**Given records**.
#####

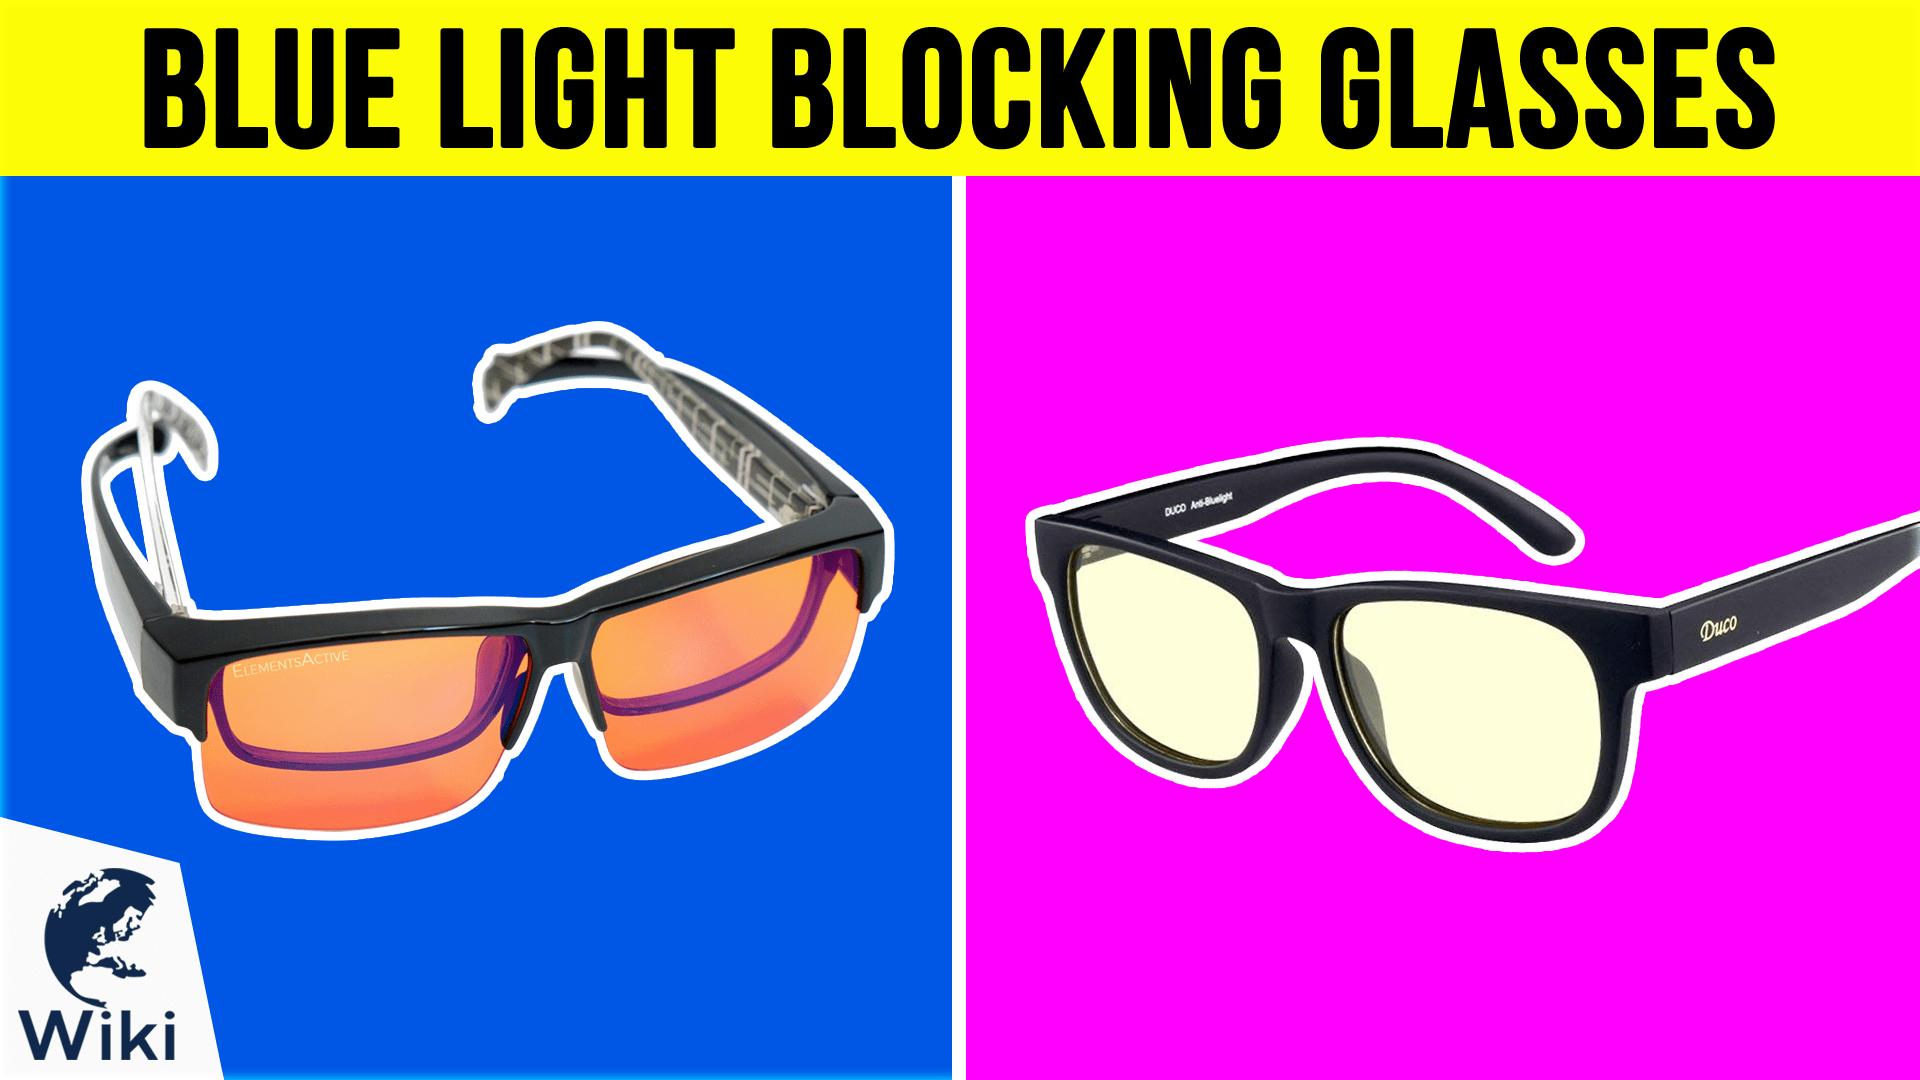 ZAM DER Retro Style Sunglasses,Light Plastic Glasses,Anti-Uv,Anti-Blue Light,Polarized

#####

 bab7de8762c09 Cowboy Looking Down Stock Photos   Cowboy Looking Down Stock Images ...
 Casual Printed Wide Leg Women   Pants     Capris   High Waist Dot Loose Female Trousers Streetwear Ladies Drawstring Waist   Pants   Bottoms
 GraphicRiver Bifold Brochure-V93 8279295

#####

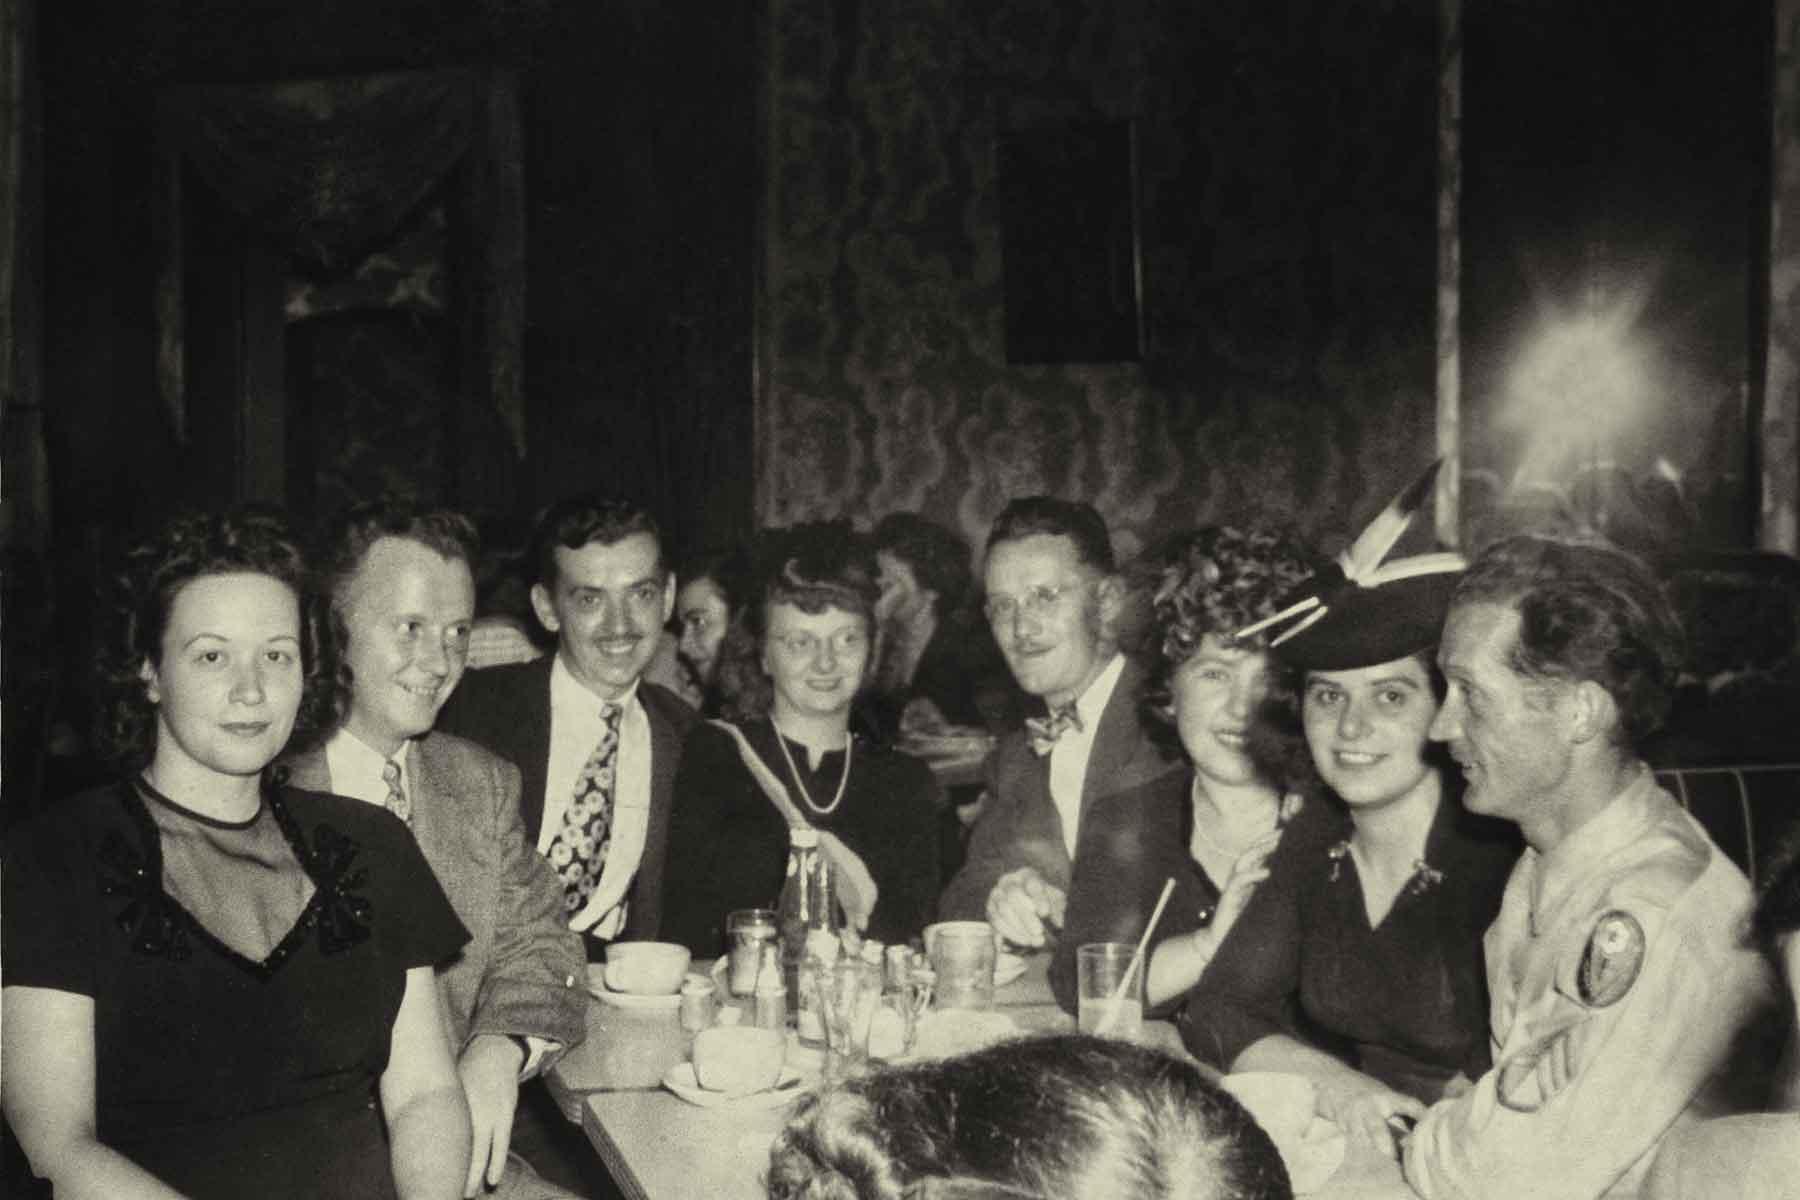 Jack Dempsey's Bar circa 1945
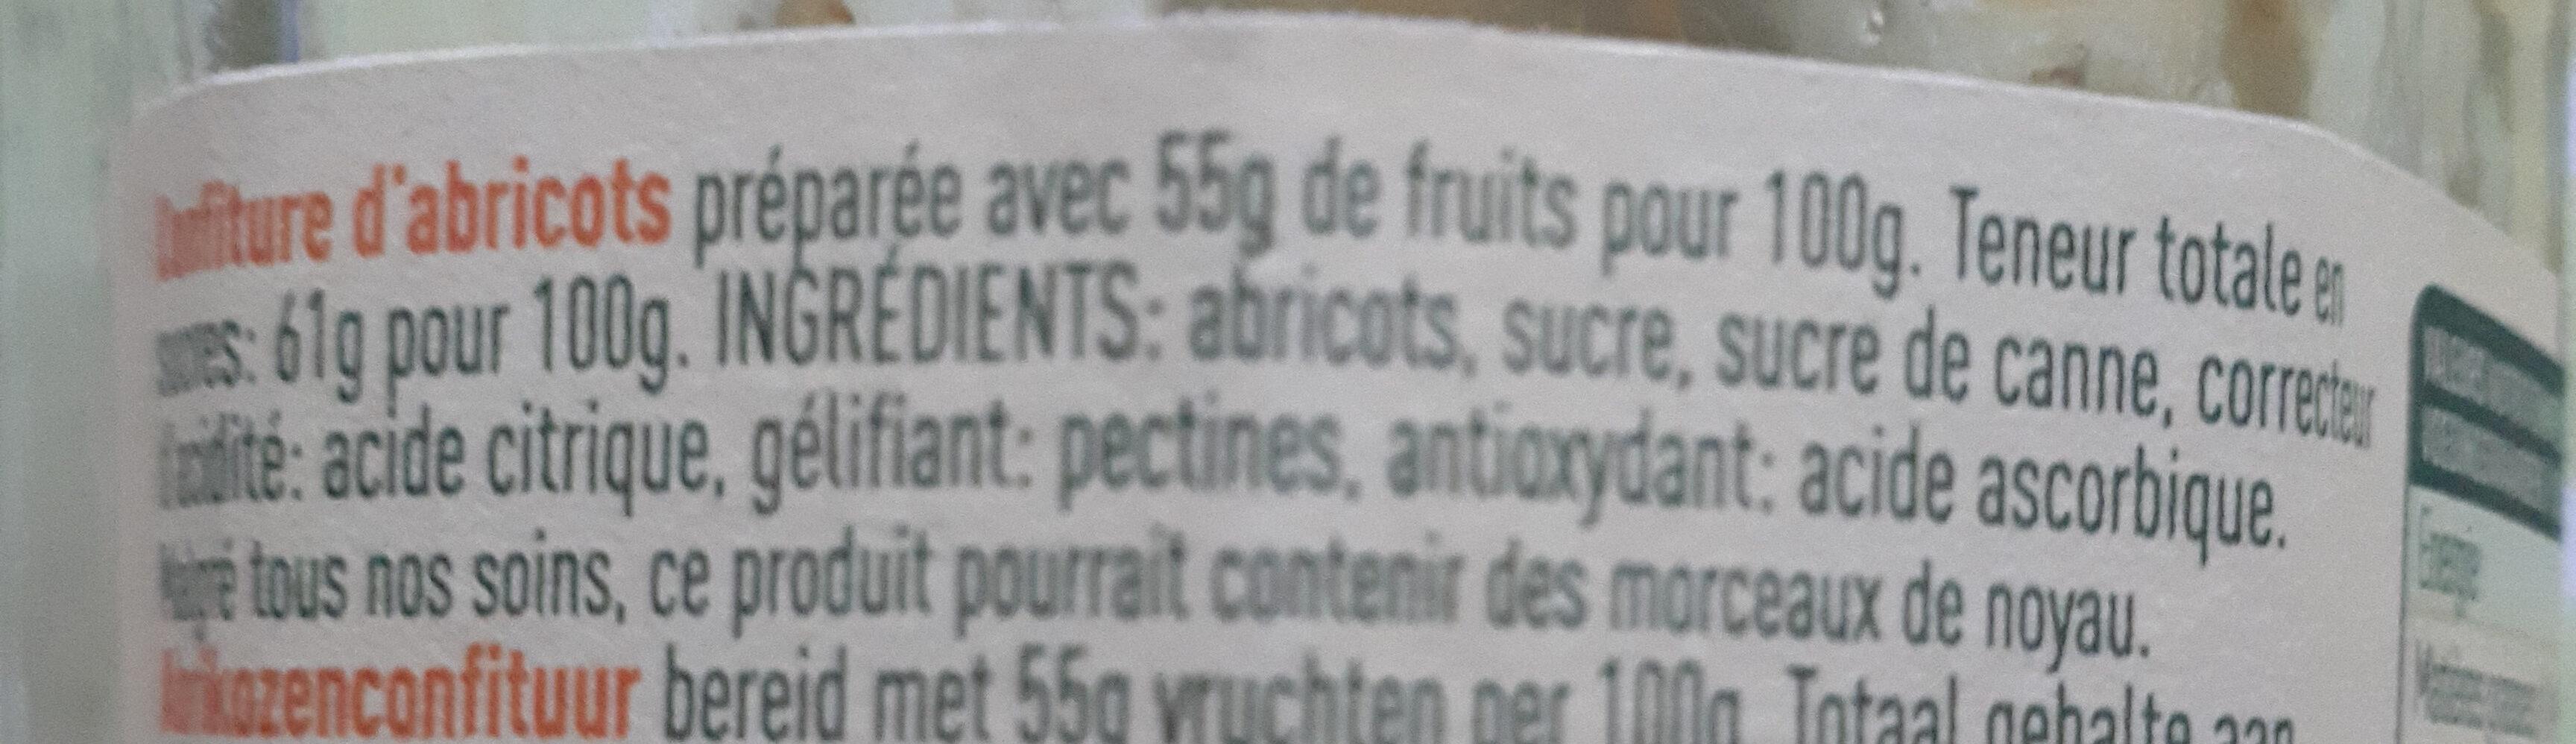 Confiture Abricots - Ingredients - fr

#####

**What this task involves**. Look above for the line with "bab7de8762c09 Cowboy Looking" and the line with "GraphicRiver Bifold Brochure-V93 8279295". Write out those two lines and all the lines between them, exactly, and no others.

**Task output**.
 bab7de8762c09 Cowboy Looking Down Stock Photos   Cowboy Looking Down Stock Images ...
 Casual Printed Wide Leg Women   Pants     Capris   High Waist Dot Loose Female Trousers Streetwear Ladies Drawstring Waist   Pants   Bottoms
 GraphicRiver Bifold Brochure-V93 8279295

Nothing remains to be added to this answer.